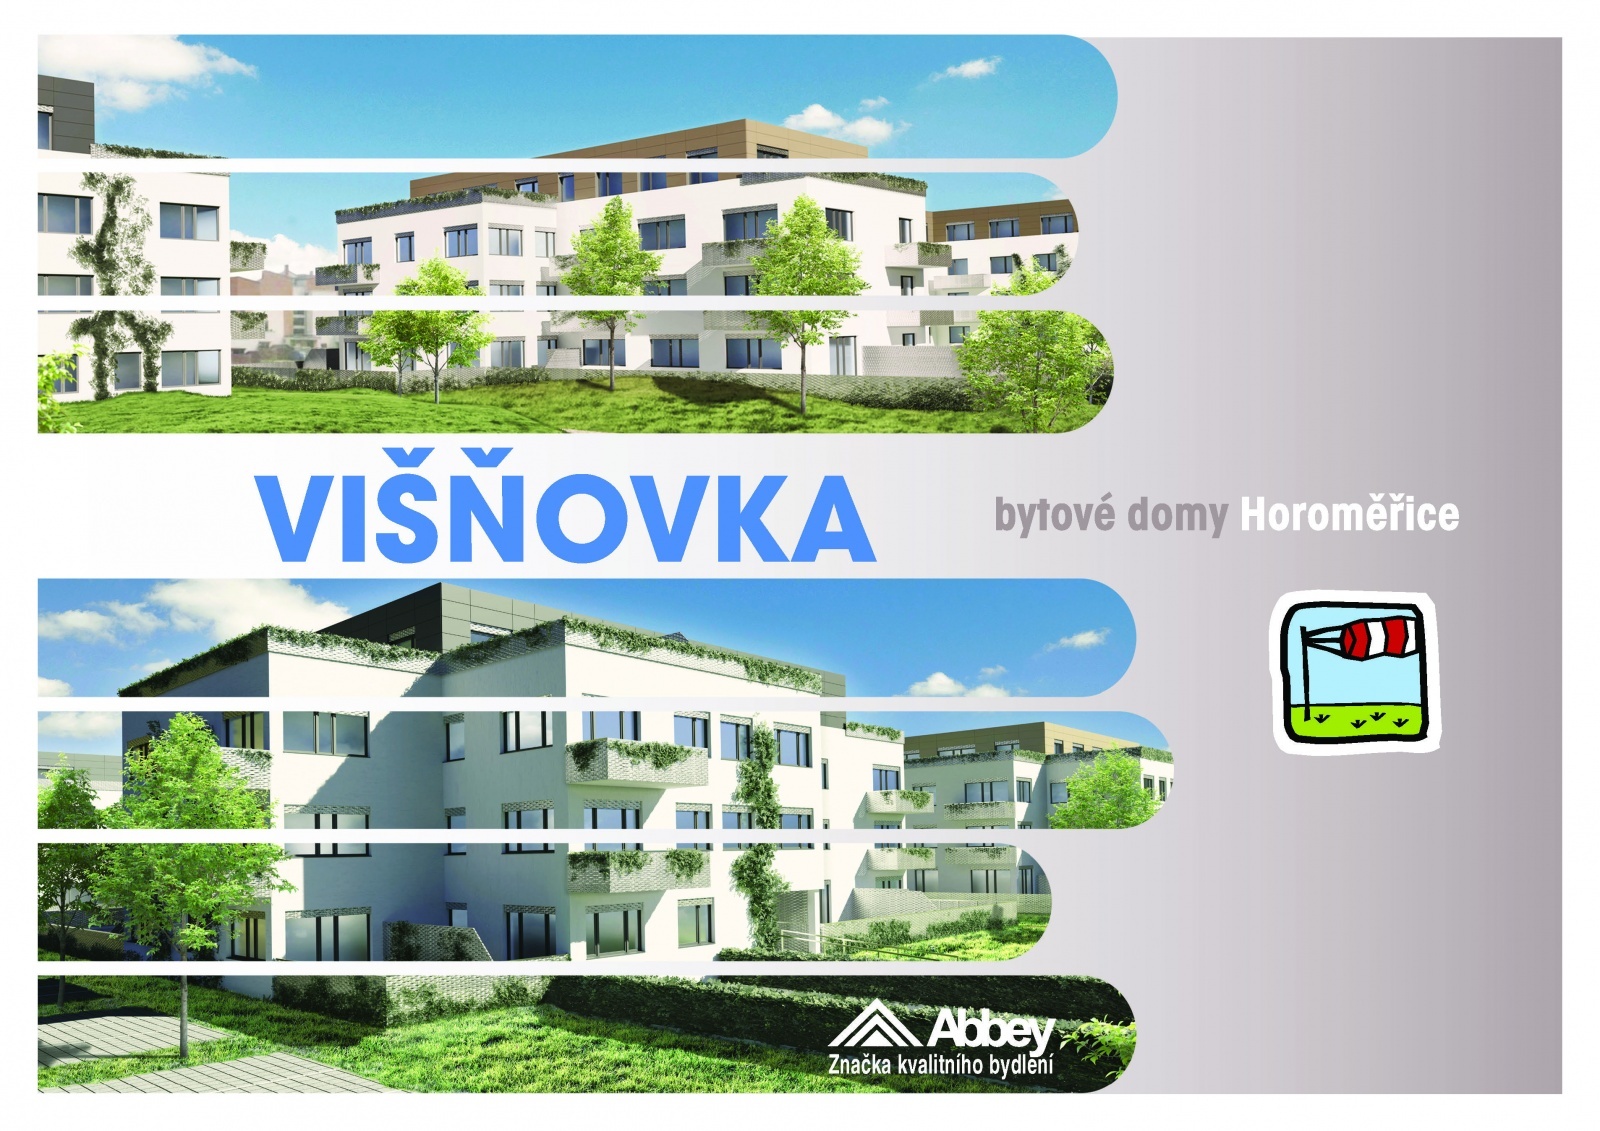 Studio 3+kk, 81.4 m2, Horoměřice, Projekt Višnovka - bytové domy
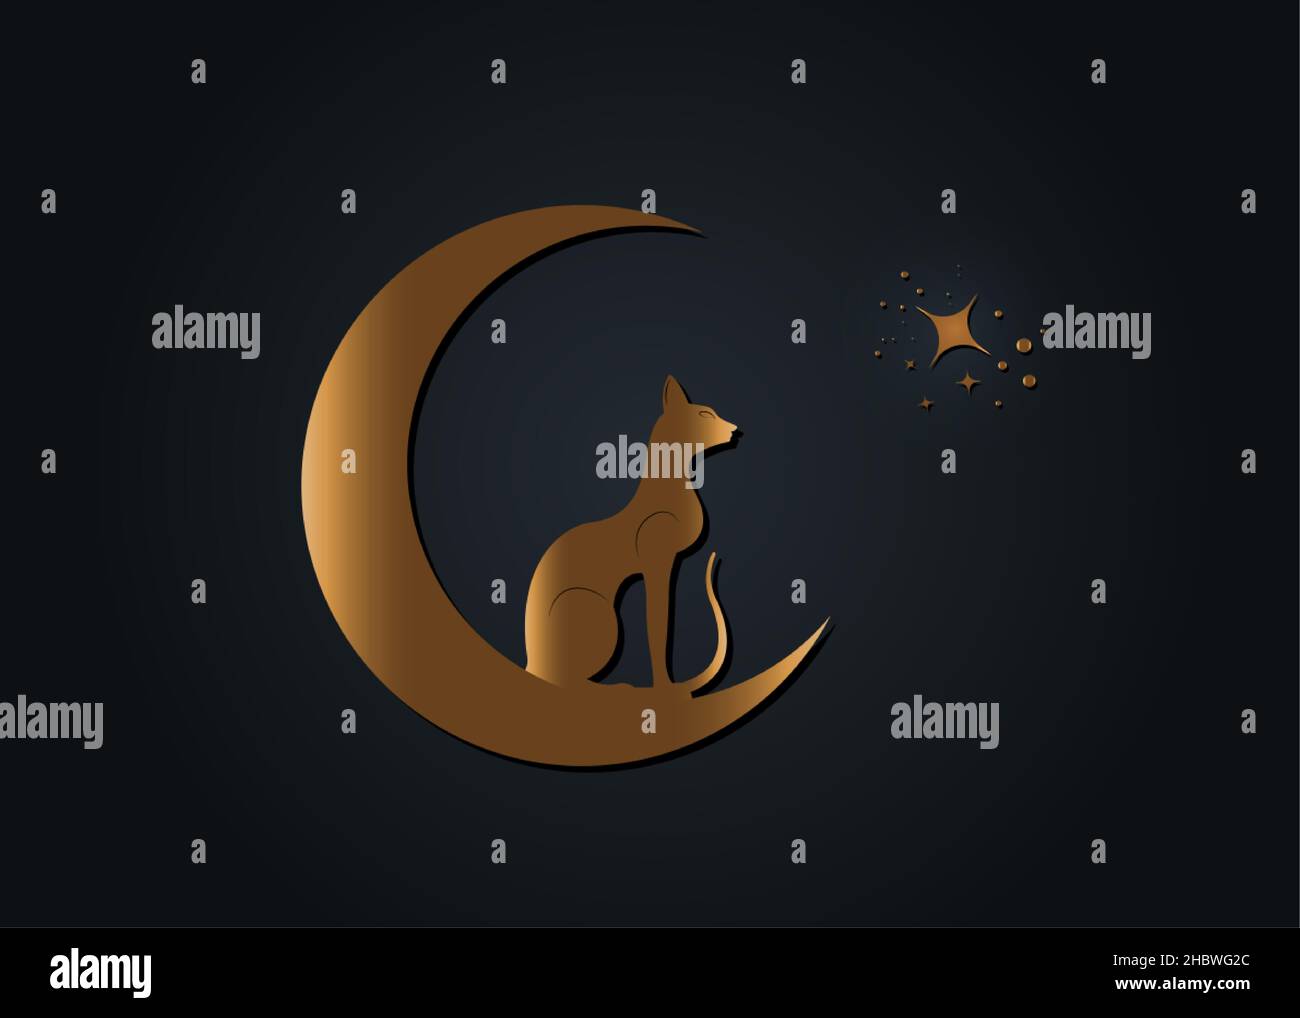 Gatto nero egiziano seduto sulla luna crescente, guarda le stelle. Logo Golden Alchemy simbolo Wicca, stile boho, icona tatuaggio oro. SEGNO vettoriale Illustrazione Vettoriale
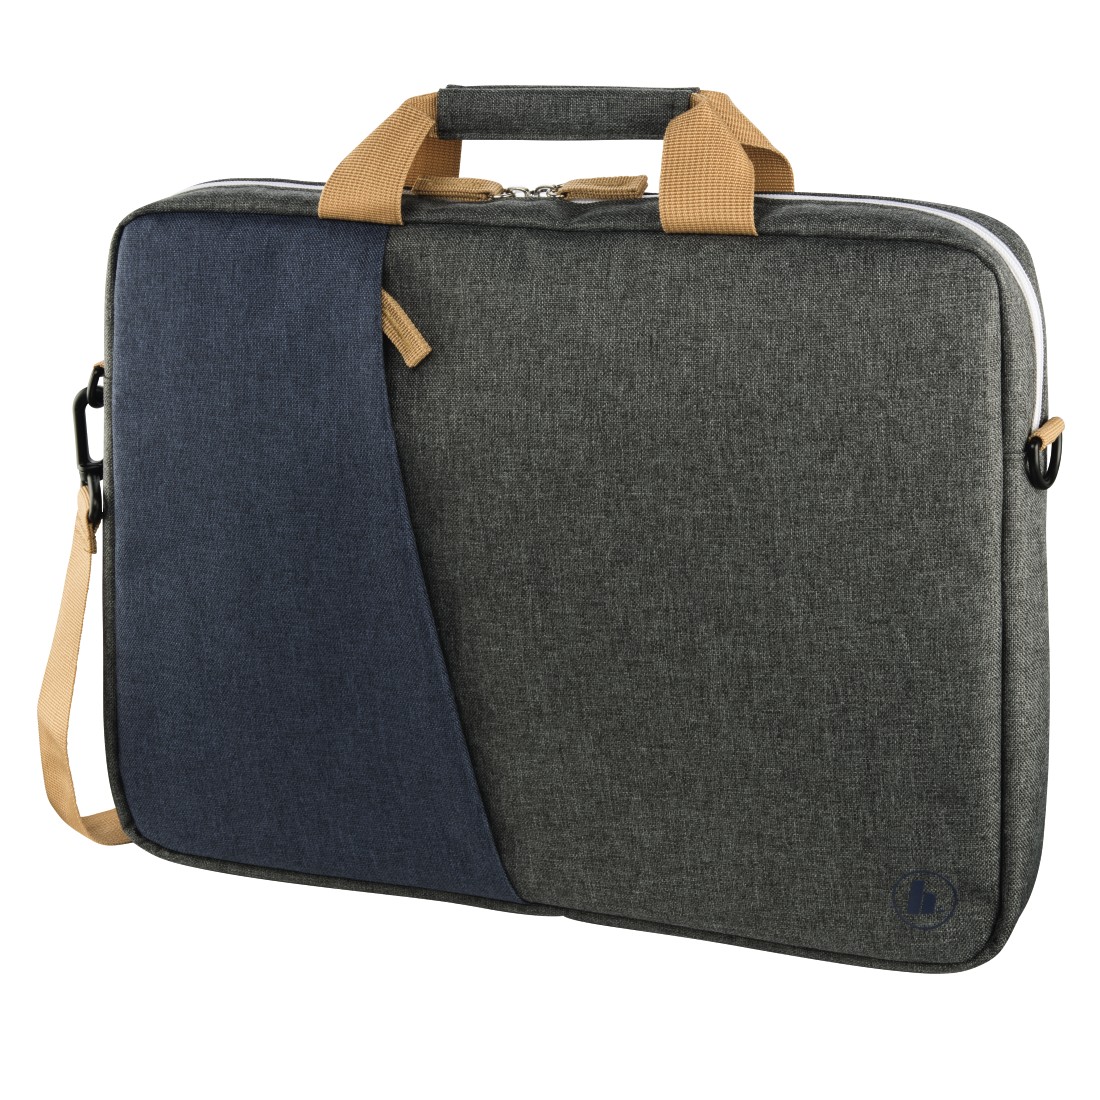 00185609 Hama "Florence" Notebook Bag, up to 34 cm (13.3"), marine blue /  dark grey | hama.com
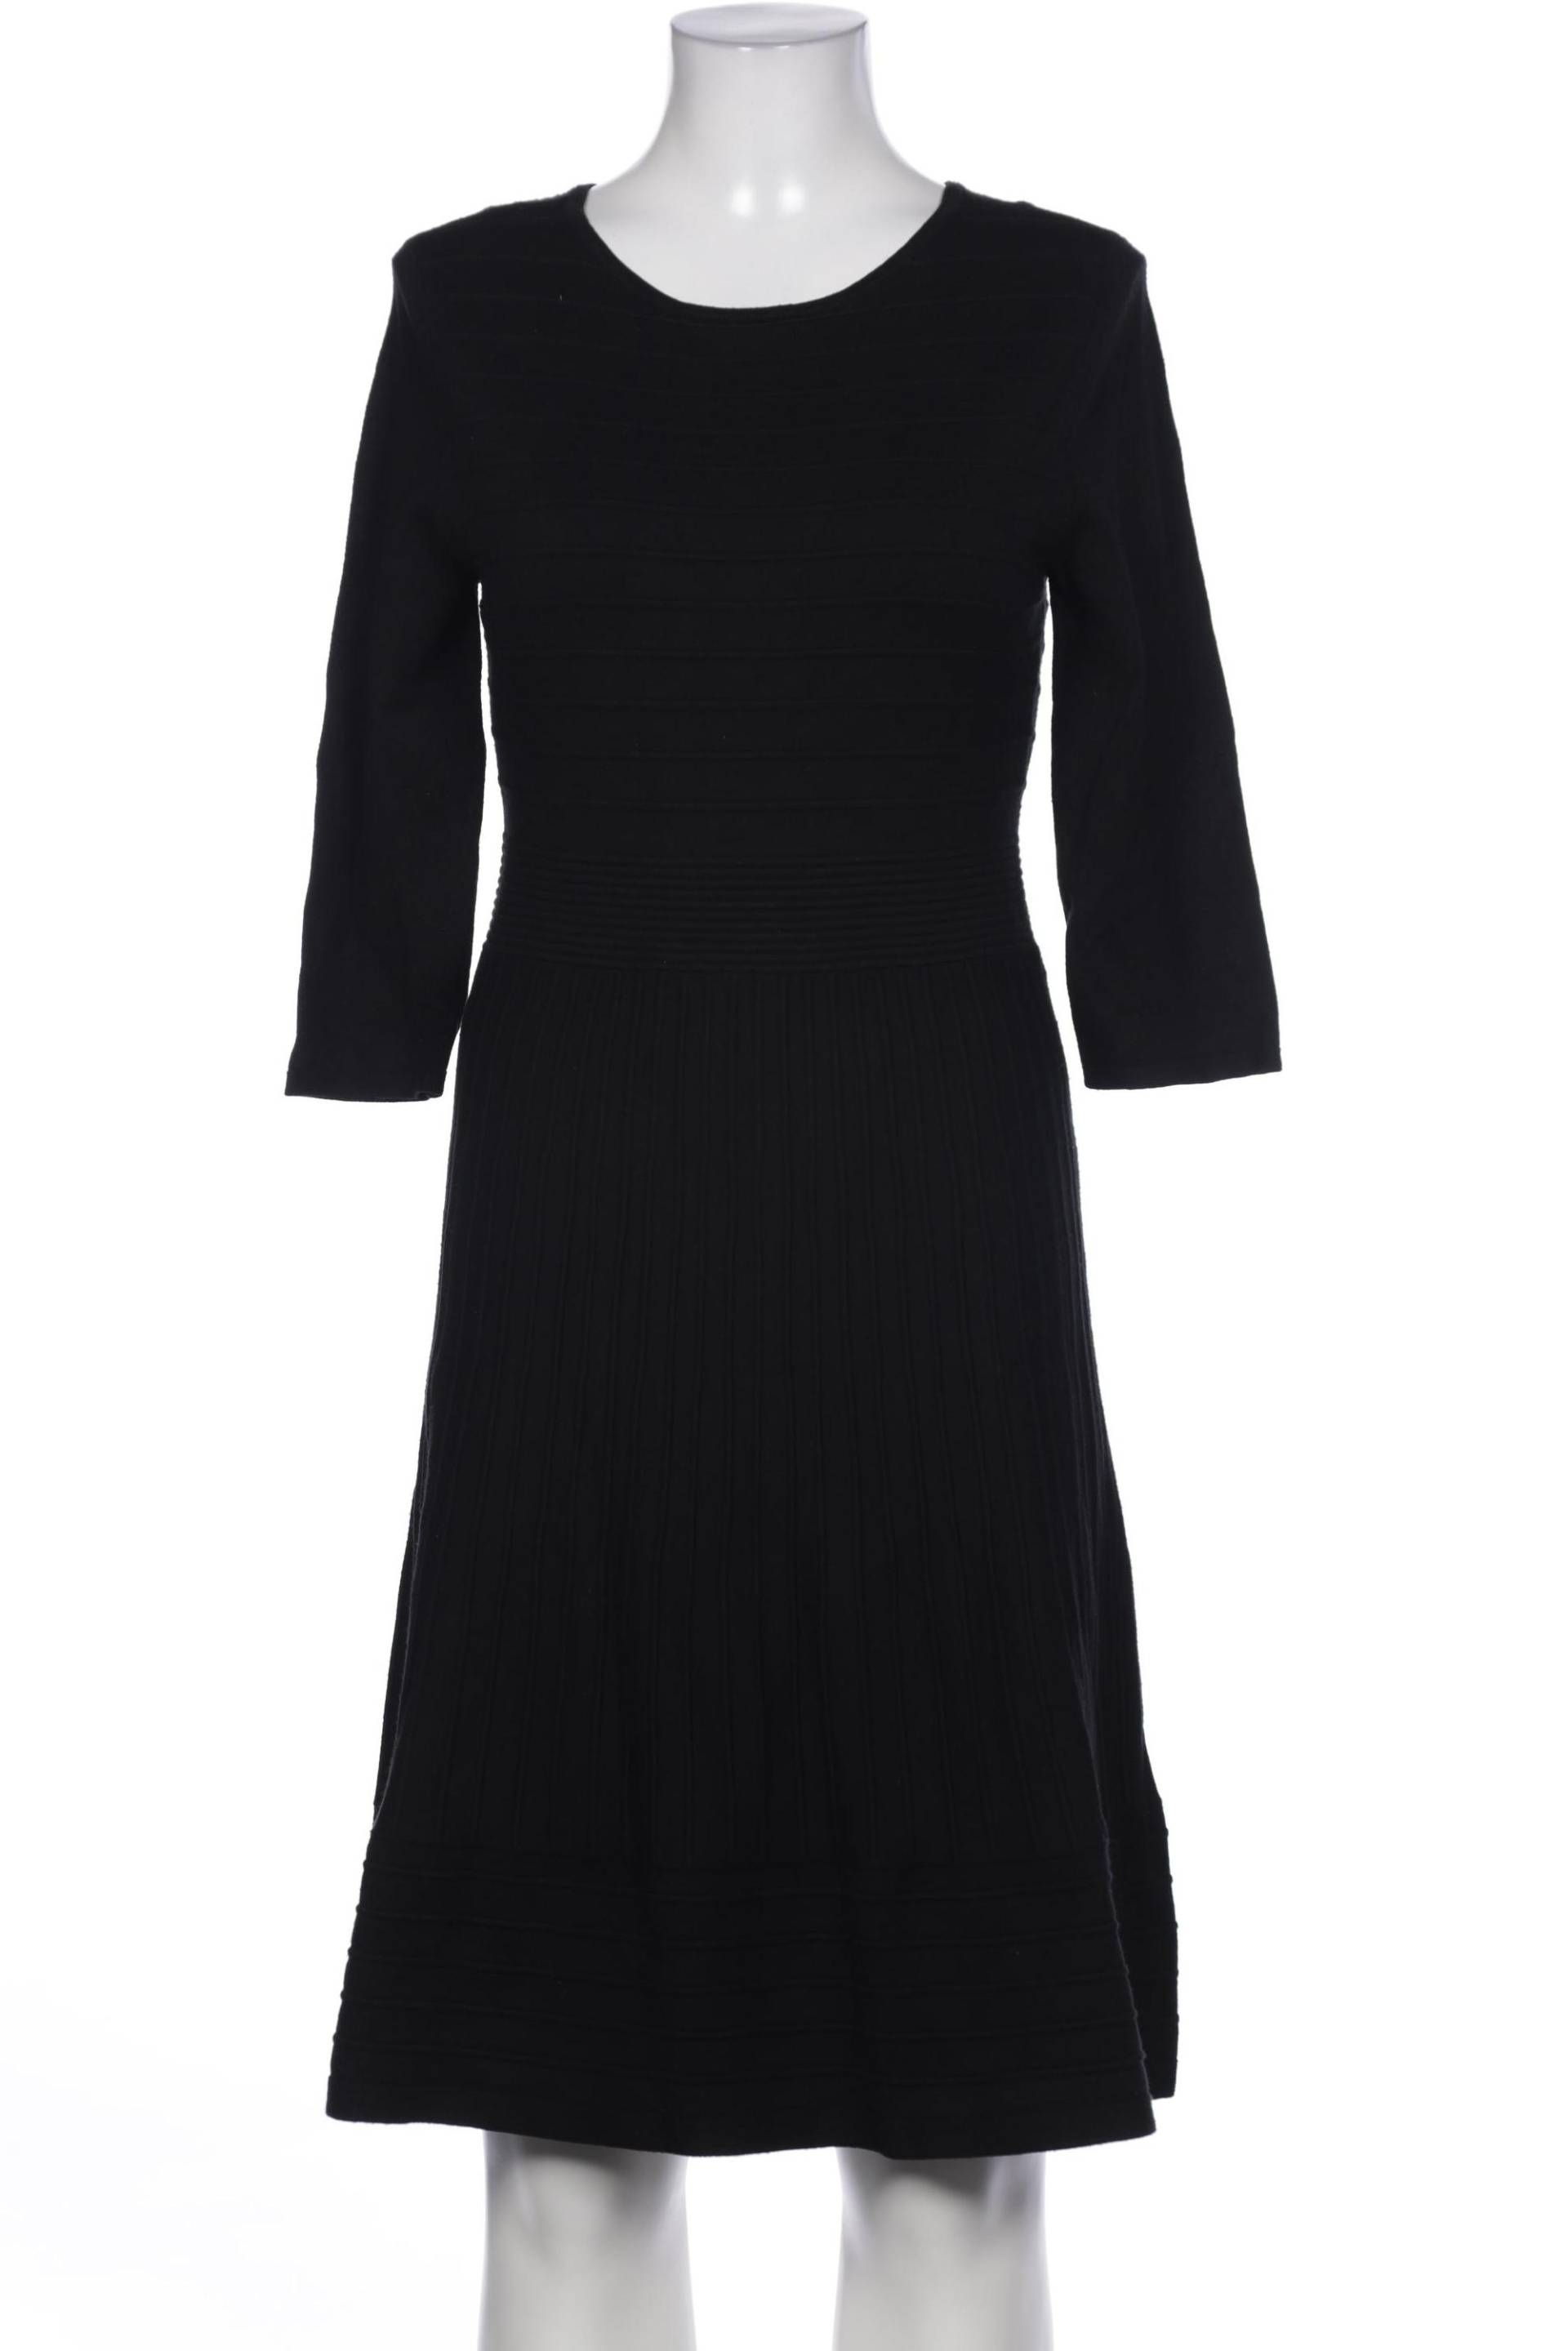 Montego Damen Kleid, schwarz, Gr. 40 von montego

---

§ TO DO: If the data includes images, omit them, and set down everything else exactly as above.

§ ANSWER SECTION:
 Studio 3+kk, 81.4 m2, Horoměřice, Projekt Višnovka - bytové domy
 Gatto nero egiziano seduto sulla luna crescente, guarda le stelle. Logo Golden Alchemy simbolo Wicca, stile boho, icona tatuaggio oro. SEGNO vettoriale Illustrazione Vettoriale
 00185609 Hama "Florence" Notebook Bag, up to 34 cm (13.3"), marine blue /  dark grey | hama.com
 Montego Damen Kleid, schwarz, Gr. 40 von montego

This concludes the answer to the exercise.